The Country House Sale

This week’s ‘attic’ sale at Chatsworth naturally enough puts me in mind of the phenomenon of the country house sale. I’ve been lucky enough to attend some fascinating sales over the last 15 years or so, and it might be as much for the opportunity to look within some extraordinary houses as to have the chance to acquire the contents. Prominent among these are Hackwood Park, with its exterior designed by John Vardy and its interior replete with surviving Vardy designed furniture, Adam designed Dumfries House, with its welter of Chippendale furniture, hardly moved since it was installed in the 1750’s, and Easton Neston, the seat of the Lords Hesketh, one of the most exquisite of all late baroque houses.

Dumfries, of course, was one of the most famous sales that never happened, with the Prince of Wales swooping in at the last moment to save both the house and its contents for the nation.  Given my vocation, one might ask what treasures we were able to acquire from any of the other house sales. The short answer is, not a stick. The why of this isn’t too hard to divine, either, as the notion of buying something exquisite from a country house always brings out all of the county set, all with the same objective. Consequently, whatever sells, sells well. Interestingly, the Hackwood Park sale in 1998 was right in the midst of a raging bull market- and, pardon the cliché, at the height of the dot.com boom- and attracted London city types hell bent on making a purchase. Well, that doesn’t include me, who has to make acquisitions at a price that allows me to sell at sufficient profit to allow the occasional purchase of groceries.
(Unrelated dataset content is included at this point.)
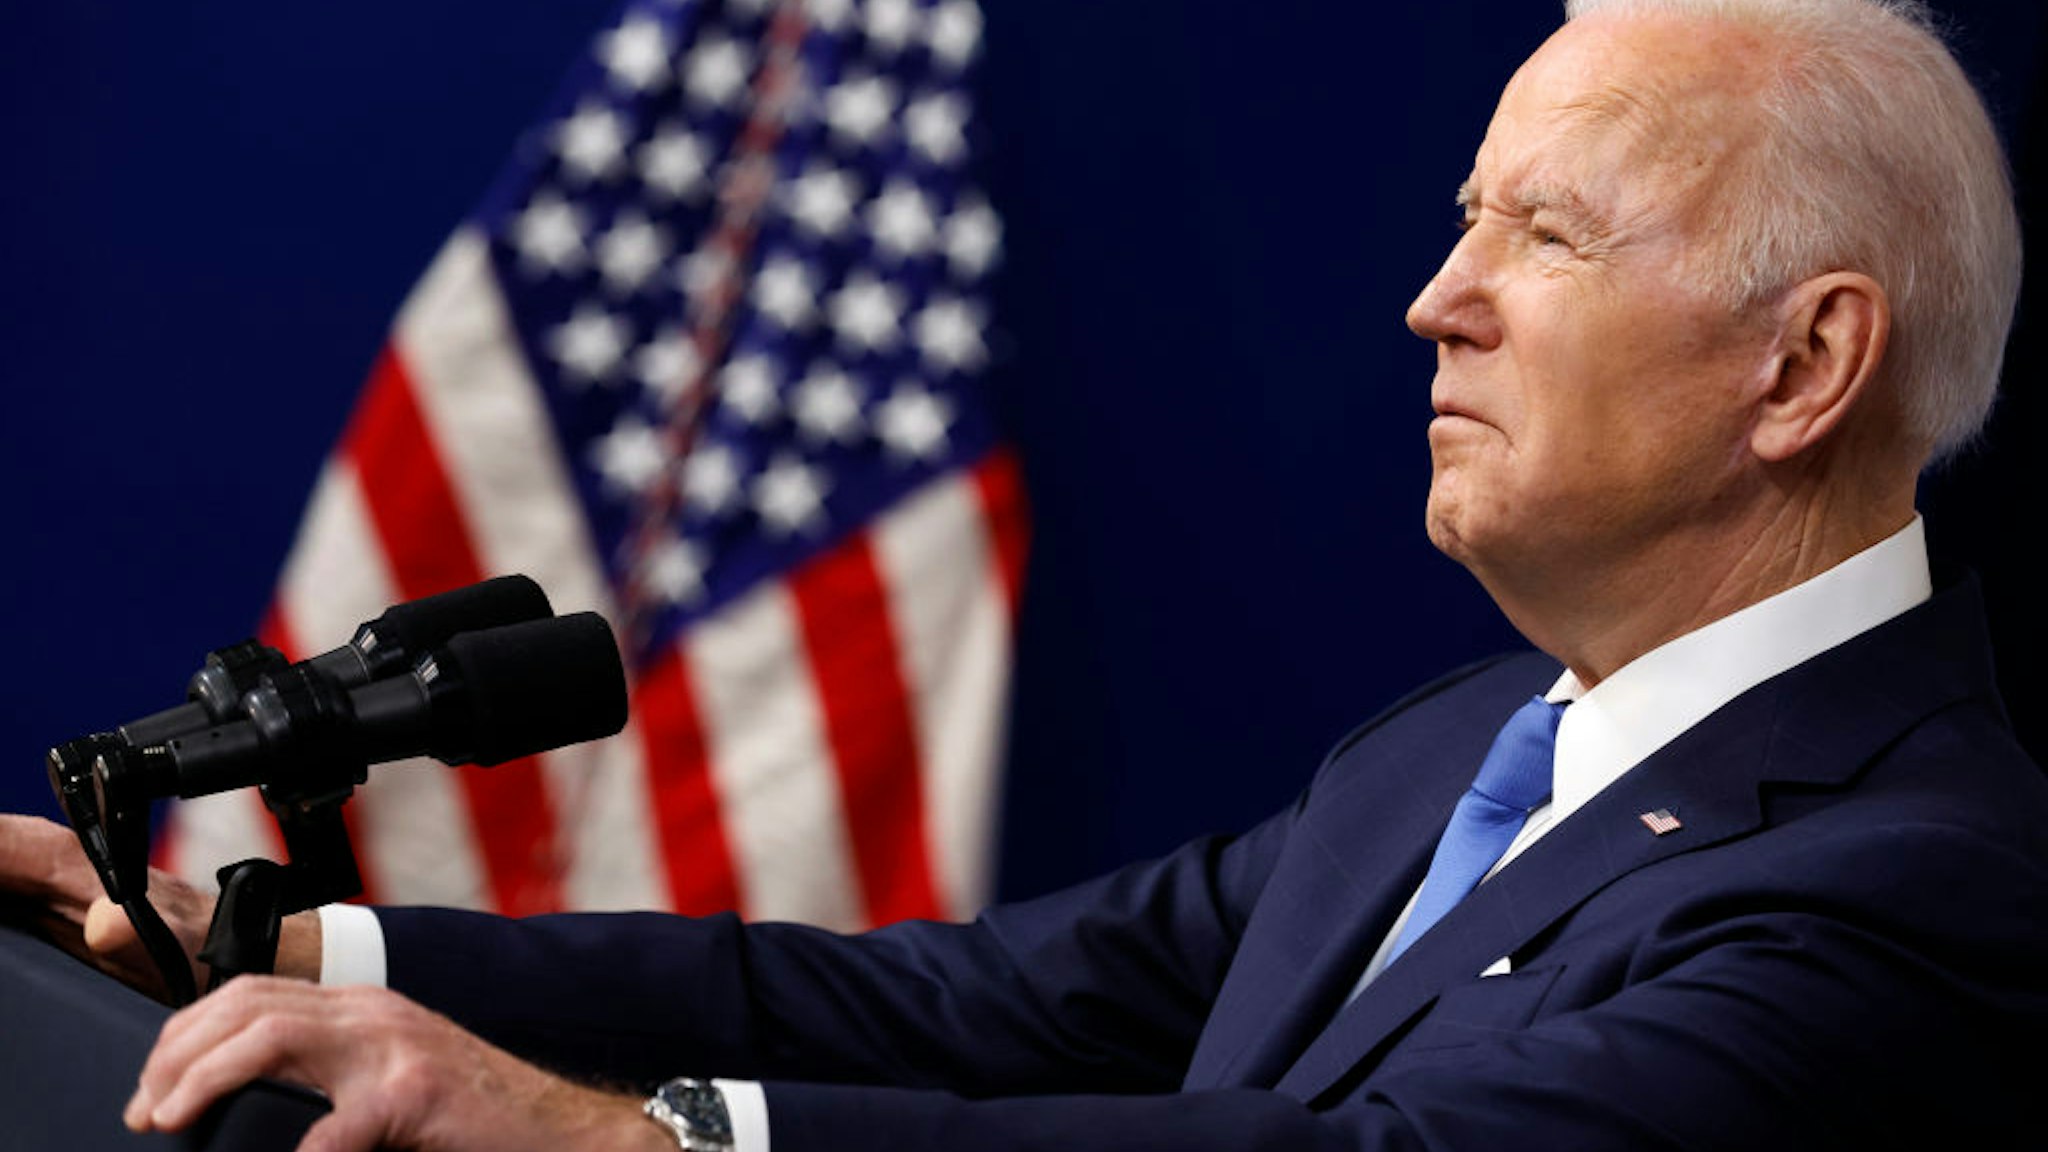 U.S. President Joe Biden delivers remarks about the work being done by his administration to implement the Bipartisan Infrastructure Law in the Eisenhower Executive Office Building's South Court Auditorium on January 14, 2022 in Washington, DC.
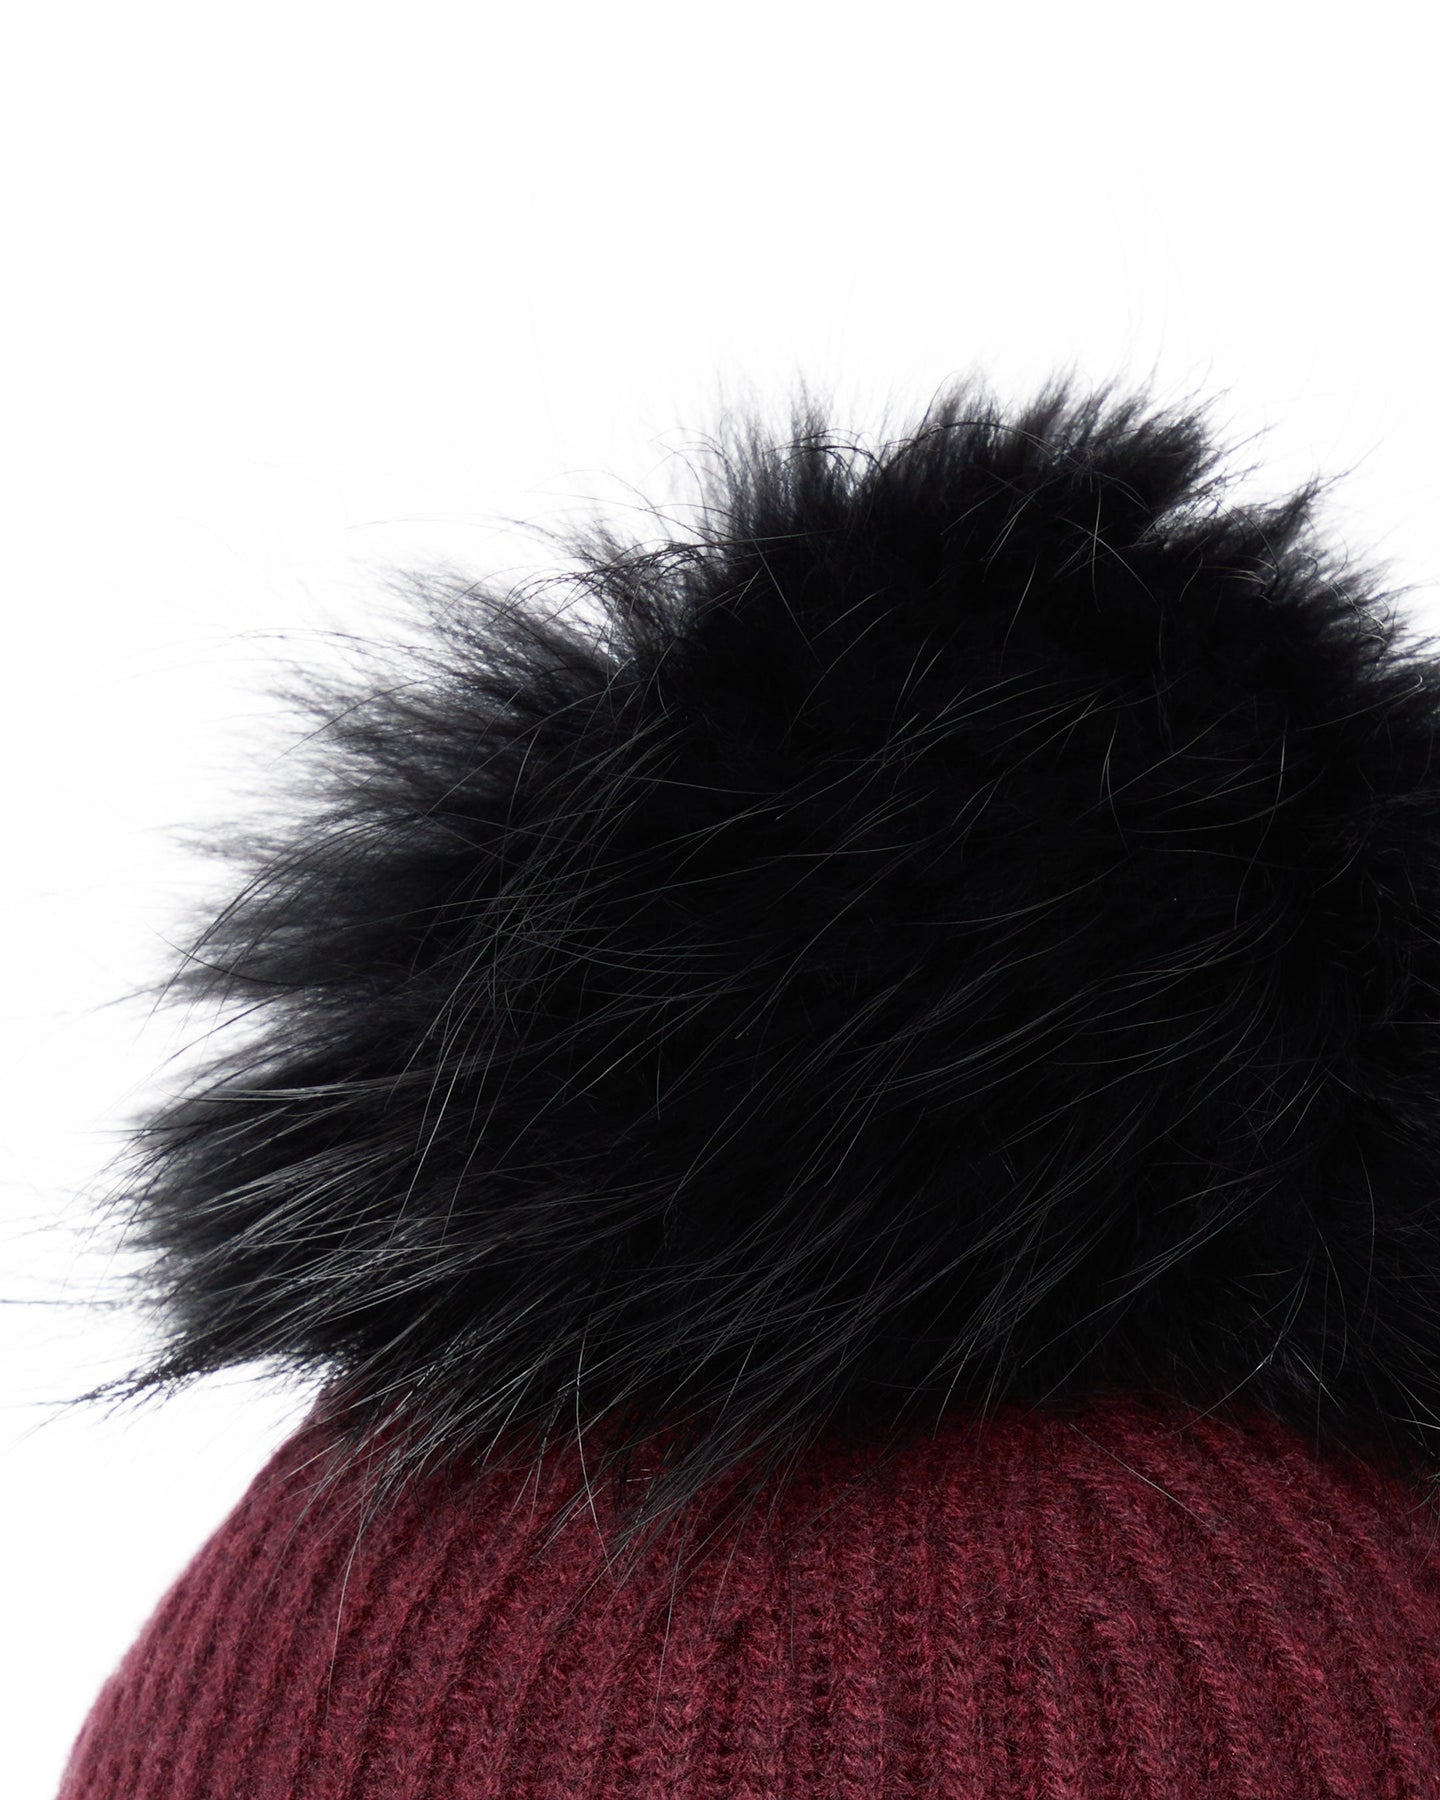 N.Peal Unisex Ribbed Cashmere Hat With Detachable Pom Shiraz Melange Red

It was at the Hackwood sale I first noticed, with the bursting of the dot.com bubble, how much of the material purchased that came back on the market, selling at prices significantly below those achieved for the same items at the original auction. Presumably some of the dot.com/City types needed to buy groceries, too. As much as anything, this kind of phenomenon should serve to demonstrate that the more prominent and inviting the sale, the greater the buying frenzy, and consequently, the less likely one is to acquire something at a fair, much less a bargain, price. That is probably understated- for anything of any quality, the buyer will doubtless pay through the nose.